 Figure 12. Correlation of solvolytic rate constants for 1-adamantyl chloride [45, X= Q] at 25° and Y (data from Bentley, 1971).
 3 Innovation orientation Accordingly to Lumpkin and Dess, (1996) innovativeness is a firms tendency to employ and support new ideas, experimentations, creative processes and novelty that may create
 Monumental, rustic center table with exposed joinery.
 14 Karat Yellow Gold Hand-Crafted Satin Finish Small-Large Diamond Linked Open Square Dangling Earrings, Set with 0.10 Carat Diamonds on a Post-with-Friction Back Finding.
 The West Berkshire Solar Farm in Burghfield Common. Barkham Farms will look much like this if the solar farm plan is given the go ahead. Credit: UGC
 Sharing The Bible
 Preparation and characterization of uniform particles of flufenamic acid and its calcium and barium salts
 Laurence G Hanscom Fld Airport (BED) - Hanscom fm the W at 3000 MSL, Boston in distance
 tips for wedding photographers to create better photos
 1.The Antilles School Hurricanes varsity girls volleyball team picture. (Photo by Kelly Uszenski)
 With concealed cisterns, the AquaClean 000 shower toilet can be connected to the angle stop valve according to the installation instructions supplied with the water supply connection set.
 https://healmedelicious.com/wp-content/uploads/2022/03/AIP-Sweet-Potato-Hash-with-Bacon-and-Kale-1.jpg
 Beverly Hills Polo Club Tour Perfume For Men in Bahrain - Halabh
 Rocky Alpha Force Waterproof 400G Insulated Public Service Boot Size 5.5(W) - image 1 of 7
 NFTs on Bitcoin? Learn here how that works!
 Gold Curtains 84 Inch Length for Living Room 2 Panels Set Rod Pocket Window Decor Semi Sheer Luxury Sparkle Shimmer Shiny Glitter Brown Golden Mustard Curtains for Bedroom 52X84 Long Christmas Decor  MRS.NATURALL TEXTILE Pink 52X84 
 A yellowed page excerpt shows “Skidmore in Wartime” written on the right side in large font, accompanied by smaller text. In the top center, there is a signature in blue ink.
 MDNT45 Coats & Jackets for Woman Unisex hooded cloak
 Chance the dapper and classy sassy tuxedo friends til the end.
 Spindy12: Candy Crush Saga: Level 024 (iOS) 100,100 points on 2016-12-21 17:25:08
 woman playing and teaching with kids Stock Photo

---

## TASK DETAILS:
The material above should be given again in full, exactly.

## TASK OUTPUT:
 Figure 12. Correlation of solvolytic rate constants for 1-adamantyl chloride [45, X= Q] at 25° and Y (data from Bentley, 1971).
 3 Innovation orientation Accordingly to Lumpkin and Dess, (1996) innovativeness is a firms tendency to employ and support new ideas, experimentations, creative processes and novelty that may create
 Monumental, rustic center table with exposed joinery.
 14 Karat Yellow Gold Hand-Crafted Satin Finish Small-Large Diamond Linked Open Square Dangling Earrings, Set with 0.10 Carat Diamonds on a Post-with-Friction Back Finding.
 The West Berkshire Solar Farm in Burghfield Common. Barkham Farms will look much like this if the solar farm plan is given the go ahead. Credit: UGC
 Sharing The Bible
 Preparation and characterization of uniform particles of flufenamic acid and its calcium and barium salts
 Laurence G Hanscom Fld Airport (BED) - Hanscom fm the W at 3000 MSL, Boston in distance
 tips for wedding photographers to create better photos
 1.The Antilles School Hurricanes varsity girls volleyball team picture. (Photo by Kelly Uszenski)
 With concealed cisterns, the AquaClean 000 shower toilet can be connected to the angle stop valve according to the installation instructions supplied with the water supply connection set.
 https://healmedelicious.com/wp-content/uploads/2022/03/AIP-Sweet-Potato-Hash-with-Bacon-and-Kale-1.jpg
 Beverly Hills Polo Club Tour Perfume For Men in Bahrain - Halabh
 Rocky Alpha Force Waterproof 400G Insulated Public Service Boot Size 5.5(W) - image 1 of 7
 NFTs on Bitcoin? Learn here how that works!
 Gold Curtains 84 Inch Length for Living Room 2 Panels Set Rod Pocket Window Decor Semi Sheer Luxury Sparkle Shimmer Shiny Glitter Brown Golden Mustard Curtains for Bedroom 52X84 Long Christmas Decor  MRS.NATURALL TEXTILE Pink 52X84 
 A yellowed page excerpt shows “Skidmore in Wartime” written on the right side in large font, accompanied by smaller text. In the top center, there is a signature in blue ink.
 MDNT45 Coats & Jackets for Woman Unisex hooded cloak
 Chance the dapper and classy sassy tuxedo friends til the end.
 Spindy12: Candy Crush Saga: Level 024 (iOS) 100,100 points on 2016-12-21 17:25:08
 woman playing and teaching with kids Stock Photo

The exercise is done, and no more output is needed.